Forse quest’anno, alla faccia del coronavirus, le persone che hanno cantato Bella Ciao a Milano sono state perfino più che gli altri anni. Se la piazza è interdetta, Milano si è riempita di persone ai balconi. Anche le altre città lo hanno fatto. Ma Milano lo ha fatto in maniera speciale. Lo ha fatto il sindaco, Sala, dal balcone del Comune da cui si vede il monumento a Manzoni. Sala alle prese con la canzone del 25 Aprile è stato al tempo stesso un esempio, e uno nella moltitudine.
E dai quartieri del centro, fino alla periferia si è capito, se mai ce ne fosse bisogno, che le migliaia di tricolori esposti alle finestre sono in larghissima parte tricolori antifascisti. Il tricolore e il rosso delle camicie dei musicisti della Scala che in videochat hanno suonato Bella Ciao, ciascuno a casa propria; il rosso dei flashmob improvvisati che gruppi di cittadini sono riusciti a organizzare, in fila ordinata di fronte a un supermercato; o il rosso della mascherina del bassista Saturnino che accompagnava il sindaco a Palazzo Marino.
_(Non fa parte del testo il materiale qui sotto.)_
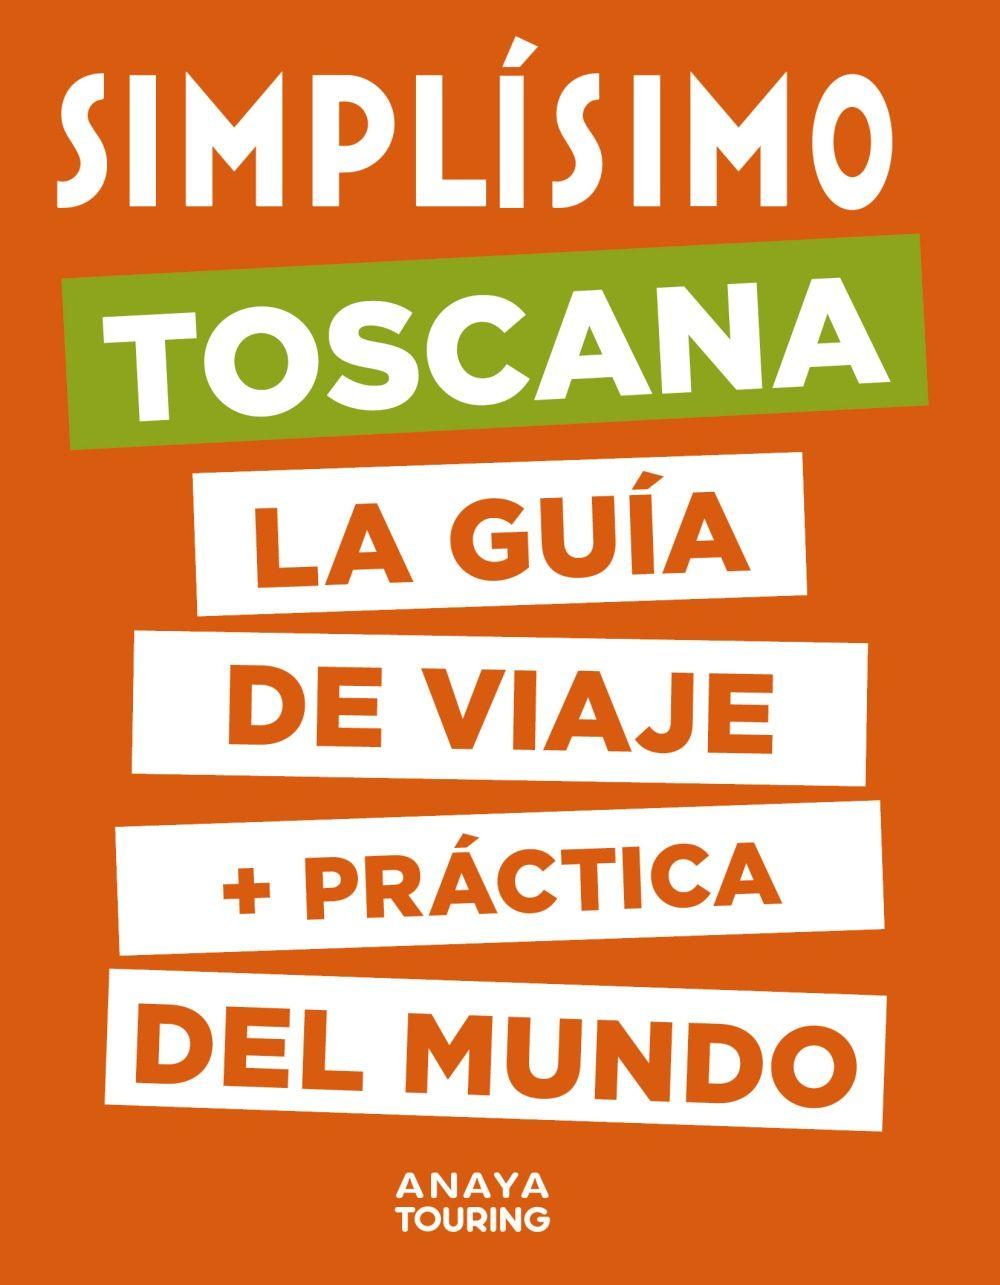 TOSCANA SIMPLISIMO
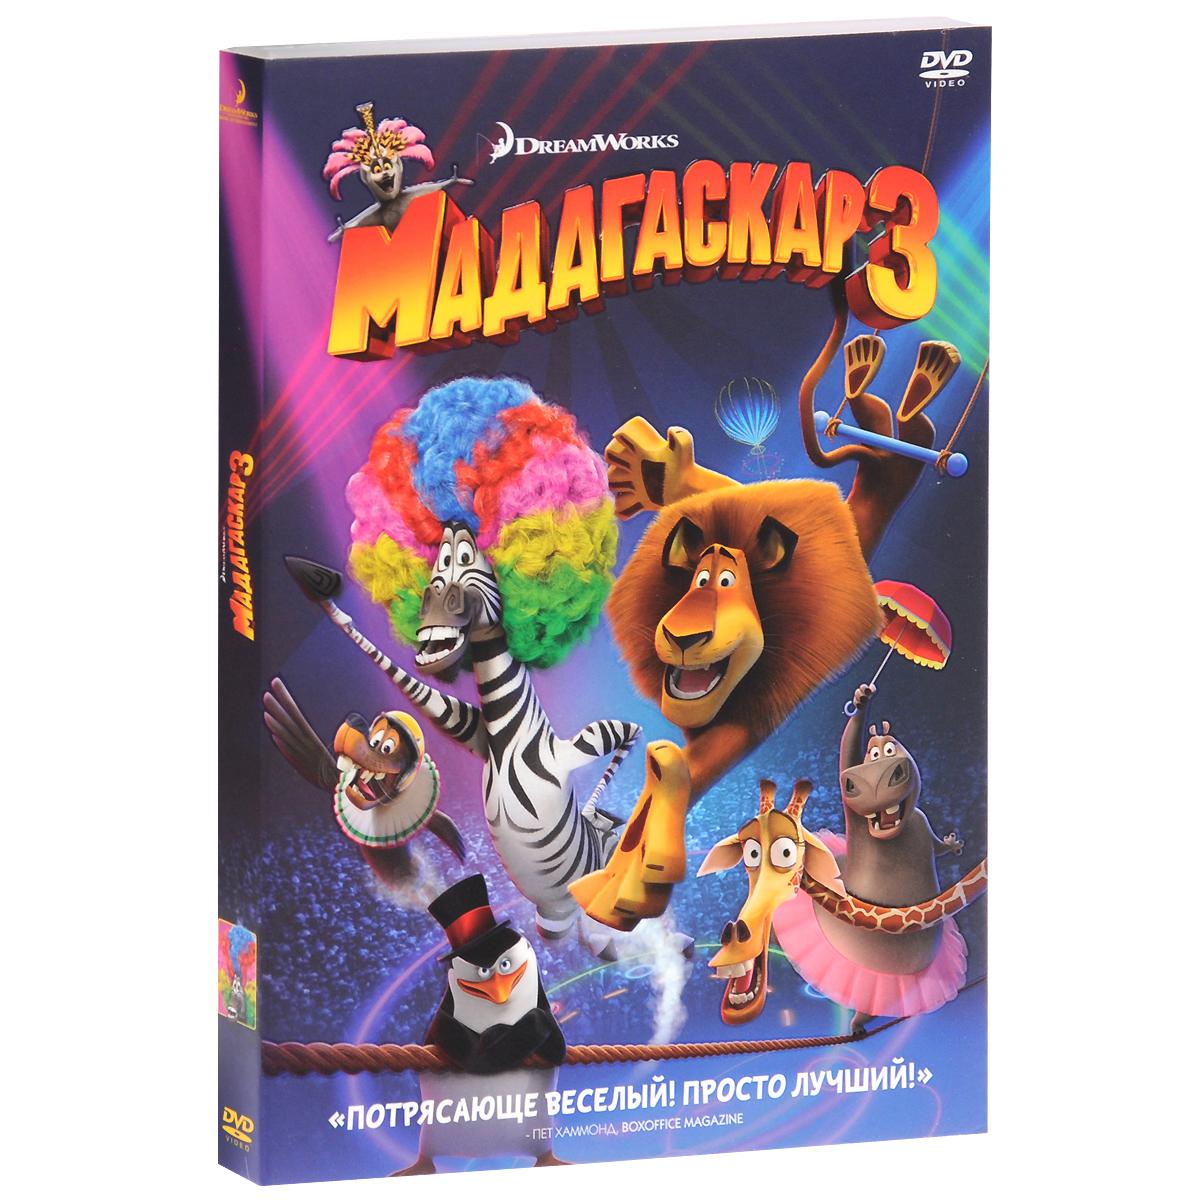 Мадагаскар 3 экшен камера

Sfidando i divieti, a Milano si è visto anche qualche giro delle lapidi dei Partigiani.
Forse questo 25 Aprile diverso, questa giornata particolare di Milano, sarà ricordato come uno dei più forti dal punto di vista emotivo. Le persone unite a distanza, sui balconi.
Quei saluti, alla fine, da un lato all’altro della strada, quei “ci rivediamo presto” sono lo spirito laico di Milano. Che si prepara alla riapertura con mille incognite, con i numeri che non smettono di preoccupare. E sono stati un gesto, come Bella Ciao, profondamente politico.